= Light scattering spectroscopy =

Spectroscopic technique

Light scattering spectroscopy (LSS) is a spectroscopic technique typically used to evaluate morphological changes in epithelial cells in order to study mucosal tissue and detect early cancer and precancer.

Light scattering spectroscopy relies upon elastic scattering of photons reflected from the epithelium. Most of the signal is generated by light scattering from small intracellular structures, but larger intracellular structures, such as nuclei, also scatter light, with their relative contribution increasing in the backscatter direction. As changes in the morphology of epithelial cells are hallmarks of pre-cancer and early cancer, LSS can be used for early cancer diagnosis.

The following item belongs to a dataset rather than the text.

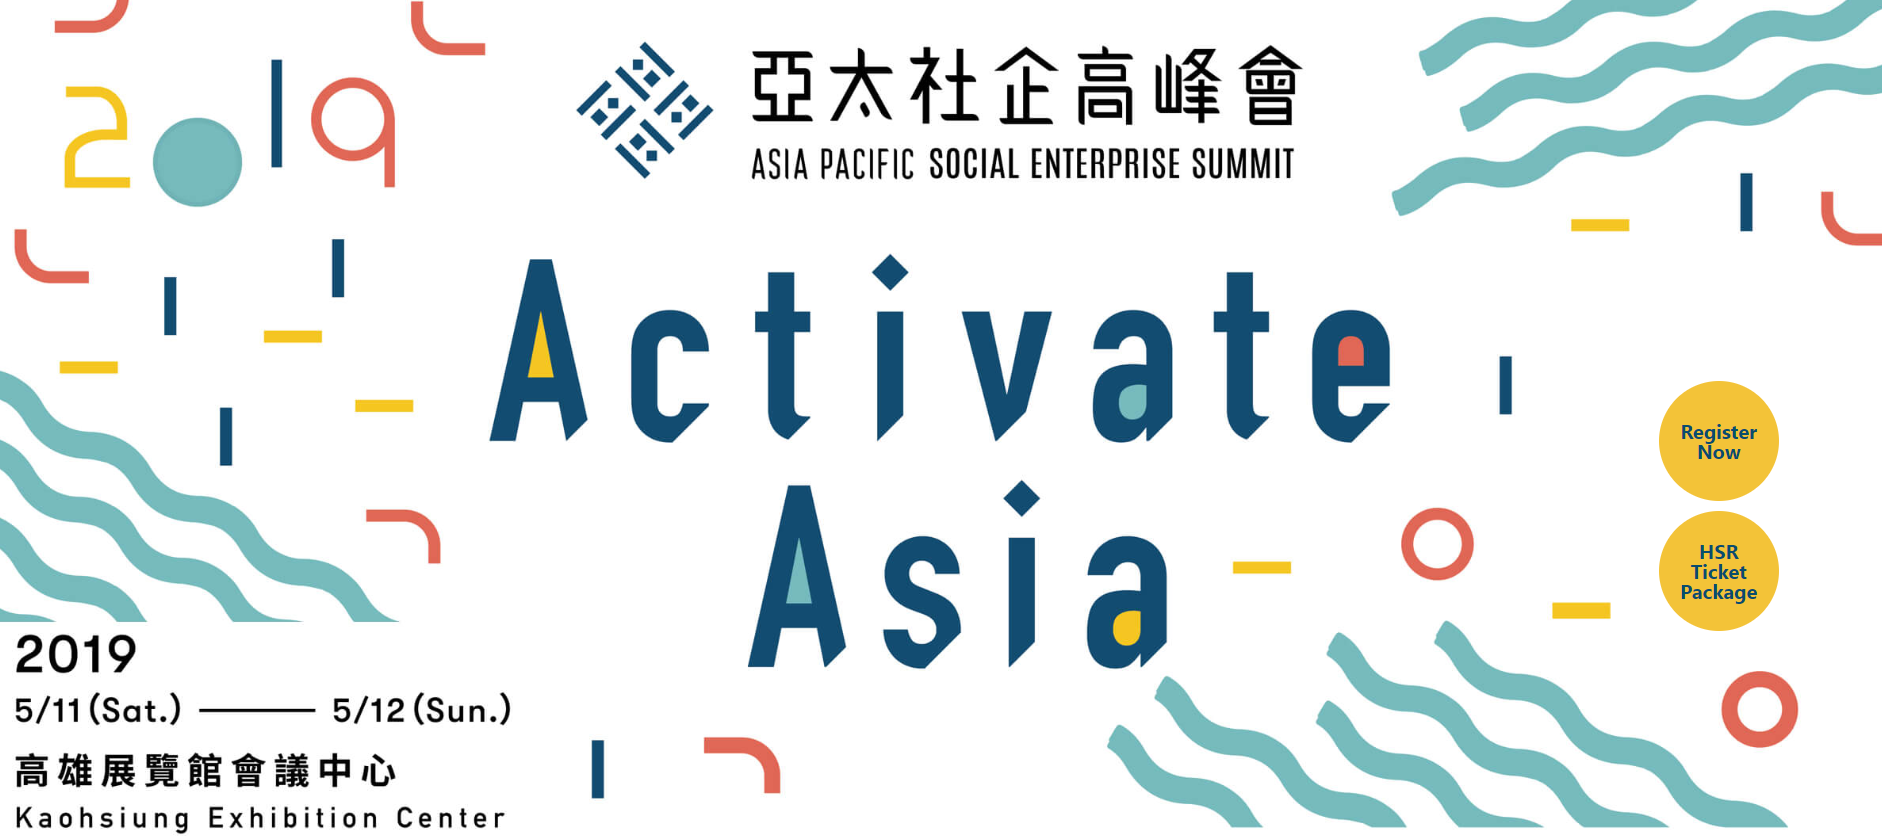 APSE Event - Asia Pacific Social Enterprise Summit

In addition to photons backscattering from epithelial cells, a major portion of photons penetrates the epithelium, reaching optically turbid connective tissue where they are scattered multiple times and partially absorbed by hemoglobin. As a result, it is not possible to measure single backscattering events directly in human tissue, with polarization gating and spatial gating well-suited for endoscopy applications.

== History ==
Lev T. Perelman, principal scientist at MIT, and Vadim Backman, graduate student in Harvard- MIT Health Sciences and Technology program introduced LSS in 1998.

== Applications ==
Light scattering spectroscopy has been applied for detection of precancer in many organs including esophagus, colon, urinary bladder, oral cavity, cervix, pancreatic cyst, stomach, skin, and bile duct.